Sono decenni ormai che le rivendicazioni della comunità LGBT (Lesbiche, Gay, Bisessuali e Transgender) di diritti e di dignità sono al centro del dibattito pubblico nazionale ed internazionale. Ancora una volta rileviamo come nel nostro Paese questi temi faticano ad essere trattati con il necessario rispetto da una classe politica che per anni ne ha fatto merce di scambio per la più bassa “politica” calpestando le vite di milioni di cittadini. Inoltre, si è diffuso il pensiero semplicistico che gli unici interessi delle persone gay, lesbiche, bisessuali e transessuali siano quelli di avere una legge che combatta l’omo-transfobia ed una che “regolarizzi” le unioni affettive.
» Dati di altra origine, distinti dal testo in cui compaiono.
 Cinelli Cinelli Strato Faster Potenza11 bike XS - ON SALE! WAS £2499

Non è cosi. O meglio, non è solo cosi.

La nostra idea di Politica rifiuta categoricamente questo utilizzare temi di tale importanza come strumenti per raccogliere consensi elettorali o per mantenere maggioranze parlamentari eterogenee. La vita di ogni cittadino merita rispetto e merita tutta la nostra attenzione perché la negazione di diritti e dignità è una ferità per tutta la comunità nazionale. Per questo motivo riteniamo che le rivendicazioni della comunità LGBT debbano essere al centro della nostra azione politica e, per farlo, vogliamo fare chiarezza su quali sono per noi gli obiettivi che debbano essere parti integranti ed essenziali del progetto di Possibile.
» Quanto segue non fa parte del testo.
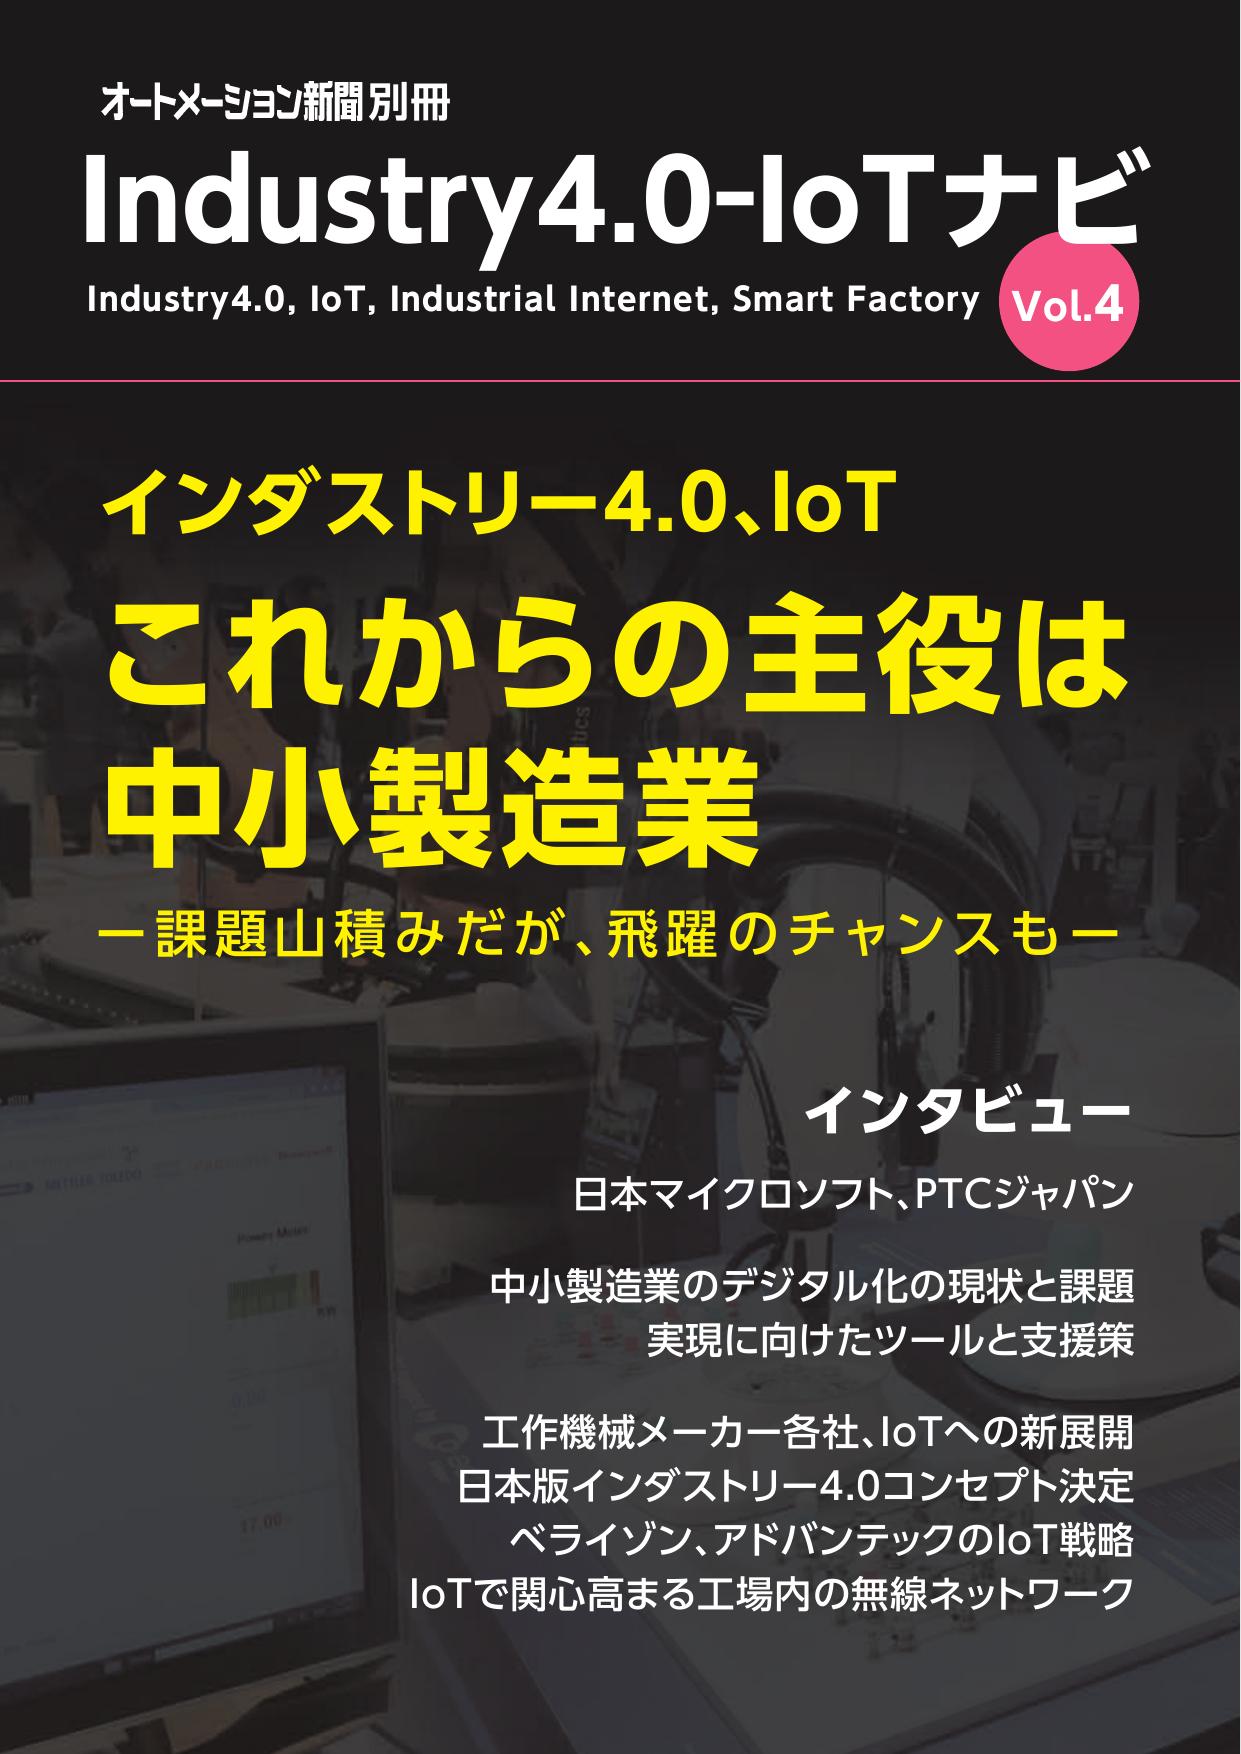 Industory4.0・IoTナビVol.4 ダイジェスト版

Impera il negare la dignità delle persone omosessuali e transgender e negare la bellezza e la bontà delle loro relazioni. Combattere tutto questo necessita sicuramente di interventi legislativi, strumento principe del progresso sociale, ma richiede anche un forte impegno di “stile” nella vita pubblica quotidiana.
Questo impegno parte dal conoscere la terminologia corretta per parlare di questi temi, non per vuoto formalismo, ma perché le parole hanno un peso considerevole nel rappresentare la realtà, incidono nell’identità delle persone e troppo spesso vengono utilizzate come strumenti di propaganda per instillare paura, dubbio o disgusto. Per questo motivo, ad esempio, imparare ed utilizzare il termine “matrimonio egualitario” al posto di “matrimonio gay” è essenziale, perché la rivendicazione del matrimonio civile nasce da una richiesta di uguaglianza, mentre l’utilizzo del termine “matrimonio gay” presta semplicemente il fianco a chi fa pressioni per “distinguere” le famiglie in base all’orientamento sessuale dei loro componenti. Allo stesso modo non possiamo che ritenere inaccettabili accostamenti come “concessione dei diritti”. I diritti, tutti i diritti, non sono “concessioni” ma sono parte fondamentale del nostro essere cittadini ed il legislatore non ha che il dovere di “riconoscerli”.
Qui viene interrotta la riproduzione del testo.